Give again, exactly as written, the lines of the records below from the line with "Cannondale CAAD10 5" to the line with "Worlds most amazing". Both end lines count; pictures do not.

DATA SUPPLIED:

= = = =

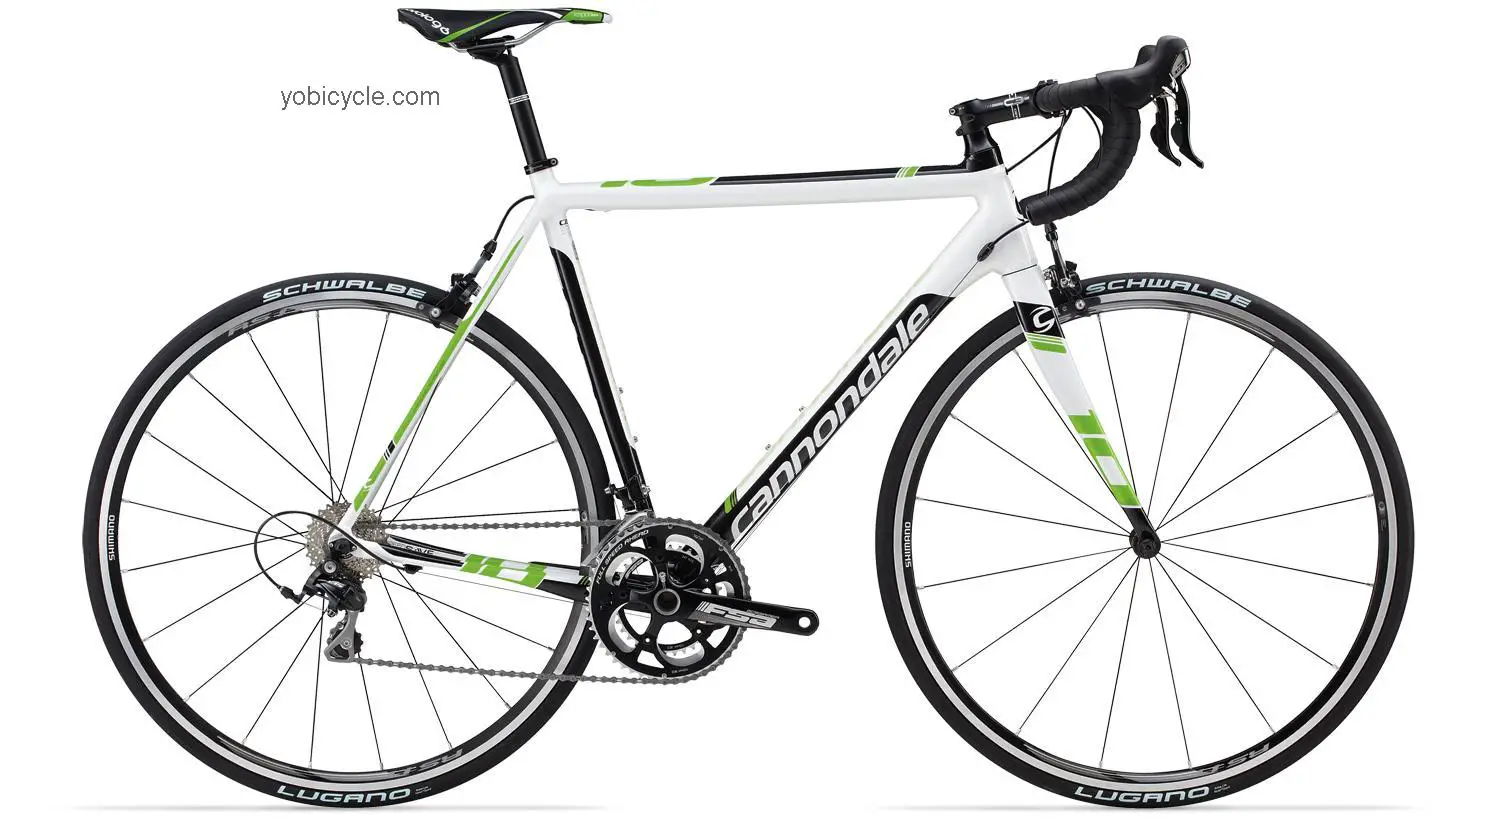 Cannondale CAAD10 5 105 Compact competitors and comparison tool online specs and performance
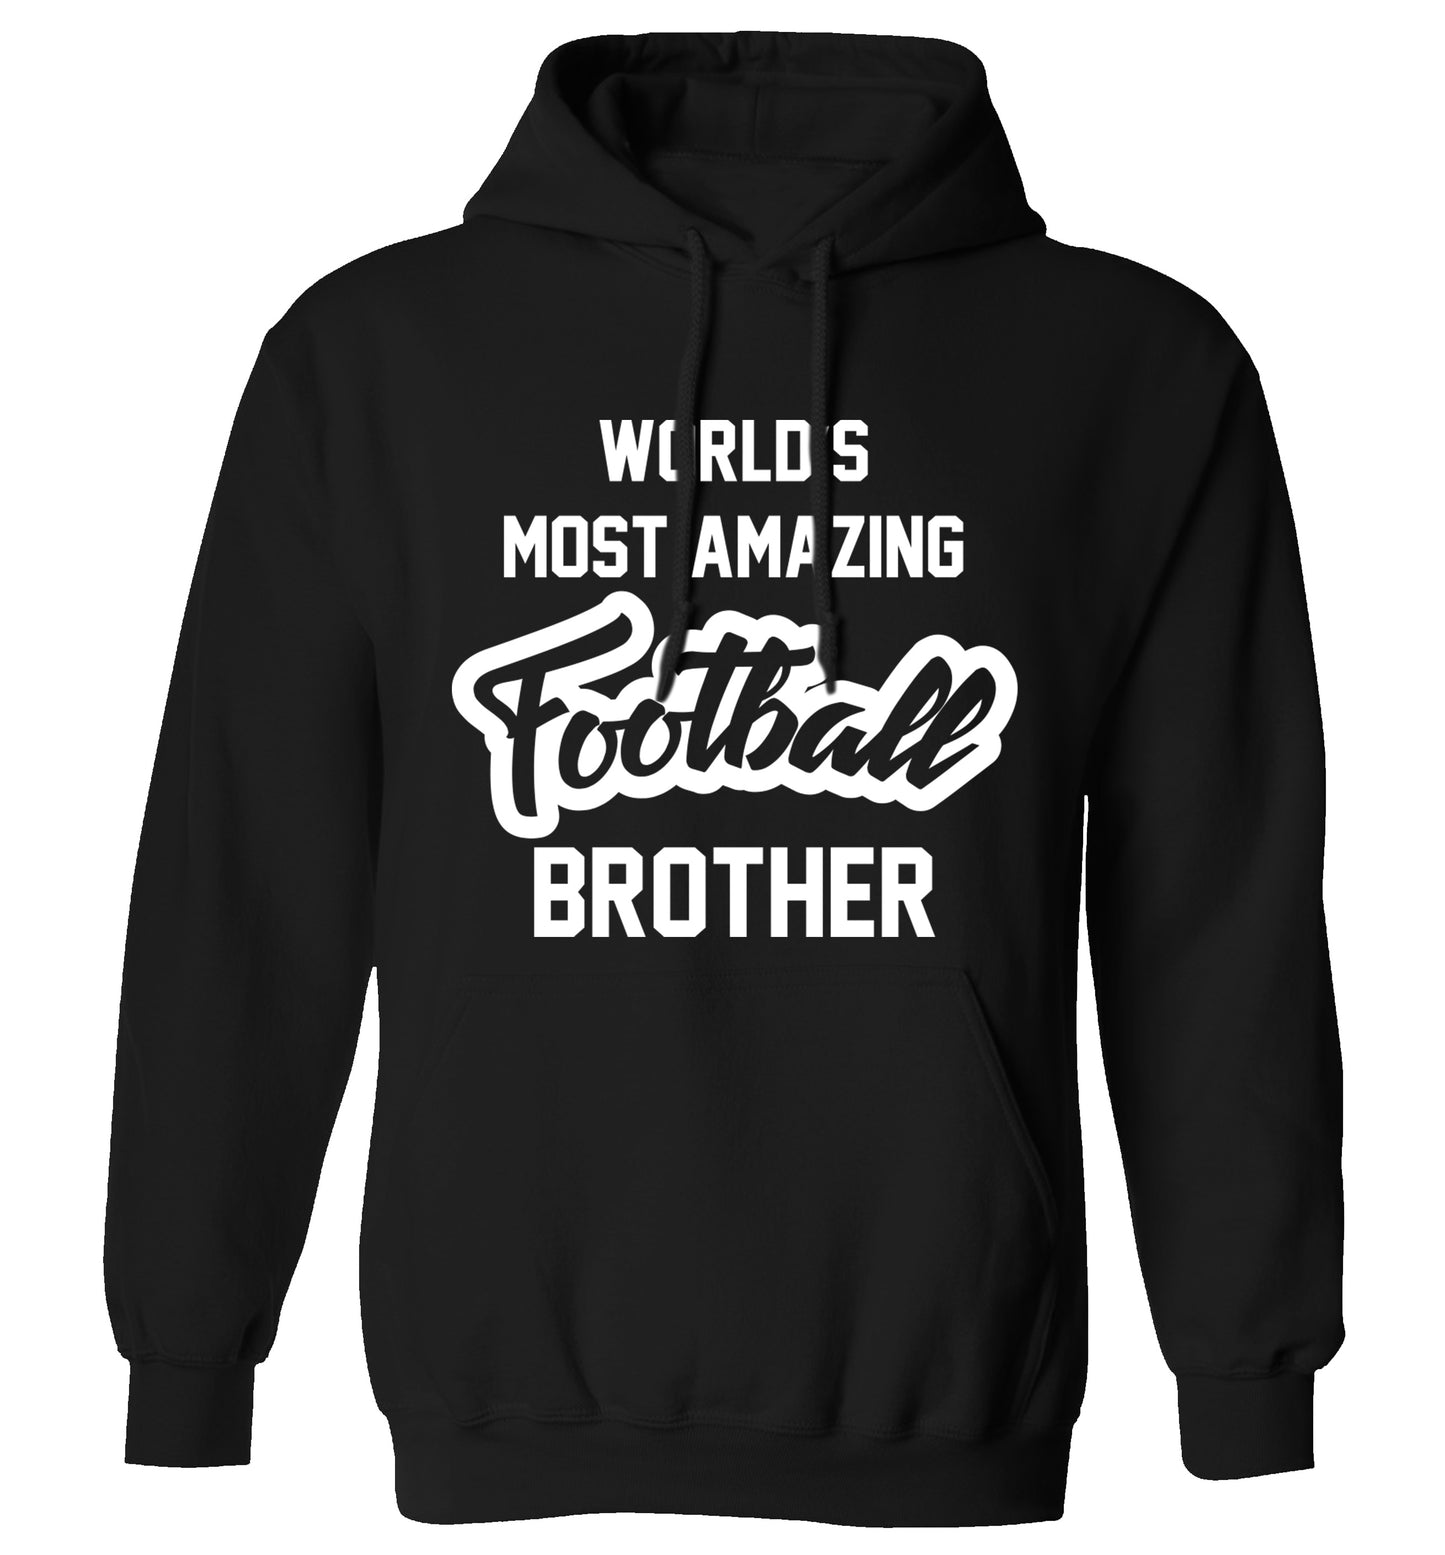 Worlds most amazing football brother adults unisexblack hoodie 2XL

= = = =

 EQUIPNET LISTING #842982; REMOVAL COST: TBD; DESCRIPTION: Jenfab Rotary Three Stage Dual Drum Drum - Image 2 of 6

= = = =

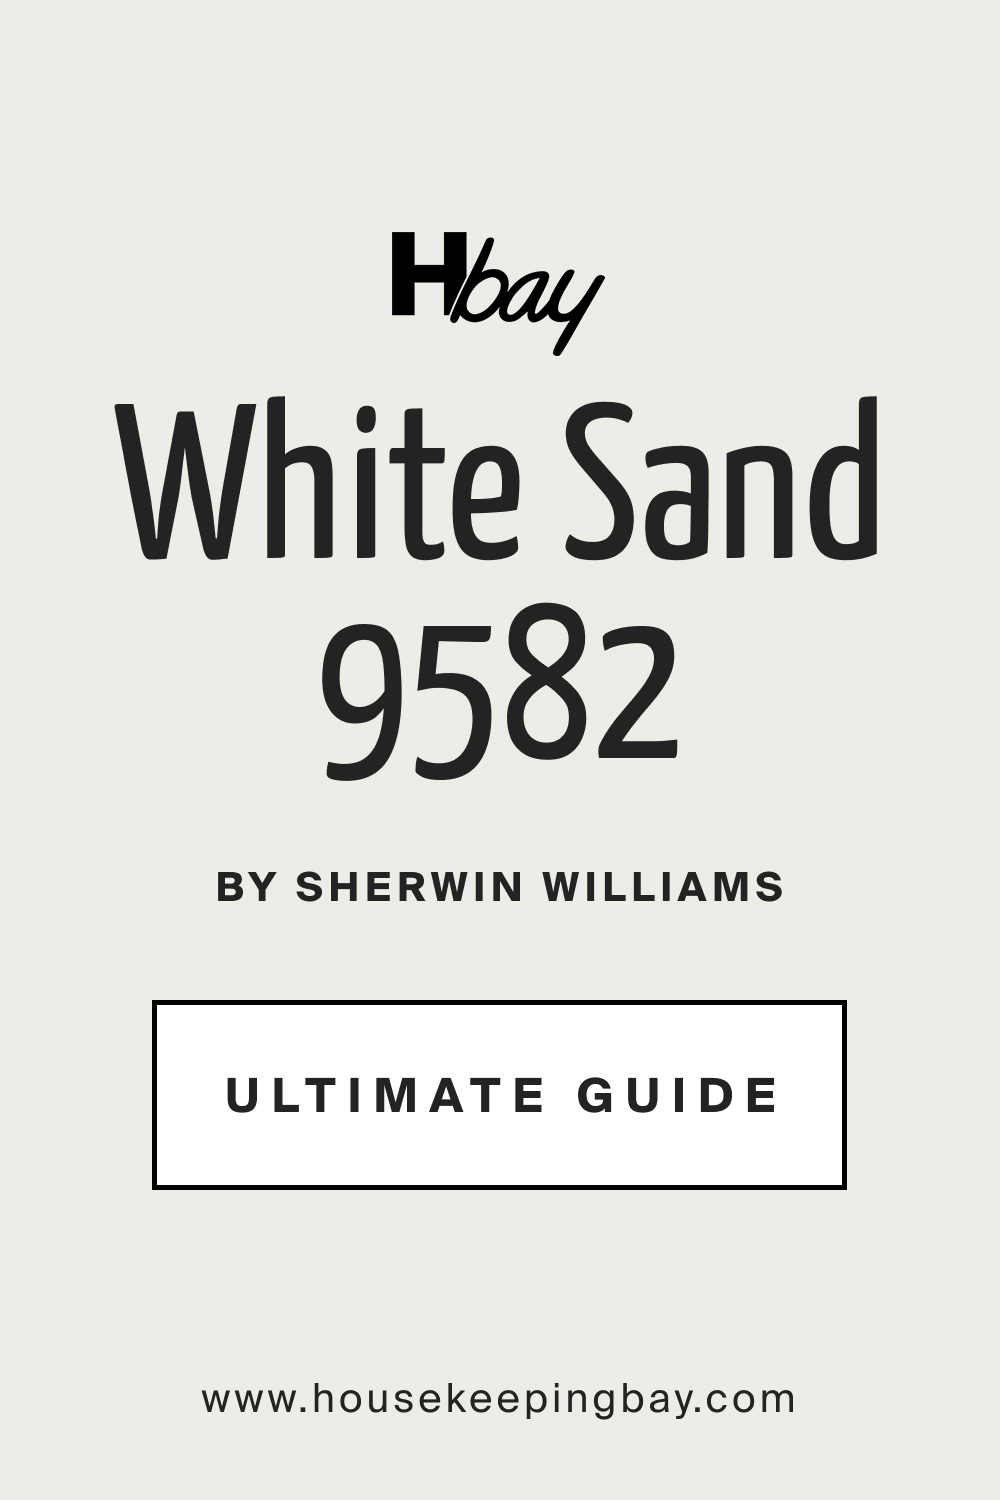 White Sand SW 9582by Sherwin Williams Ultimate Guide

= = = =

FINISHED EXERCISE:
 Cannondale CAAD10 5 105 Compact competitors and comparison tool online specs and performance
 Worlds most amazing football brother adults unisexblack hoodie 2XL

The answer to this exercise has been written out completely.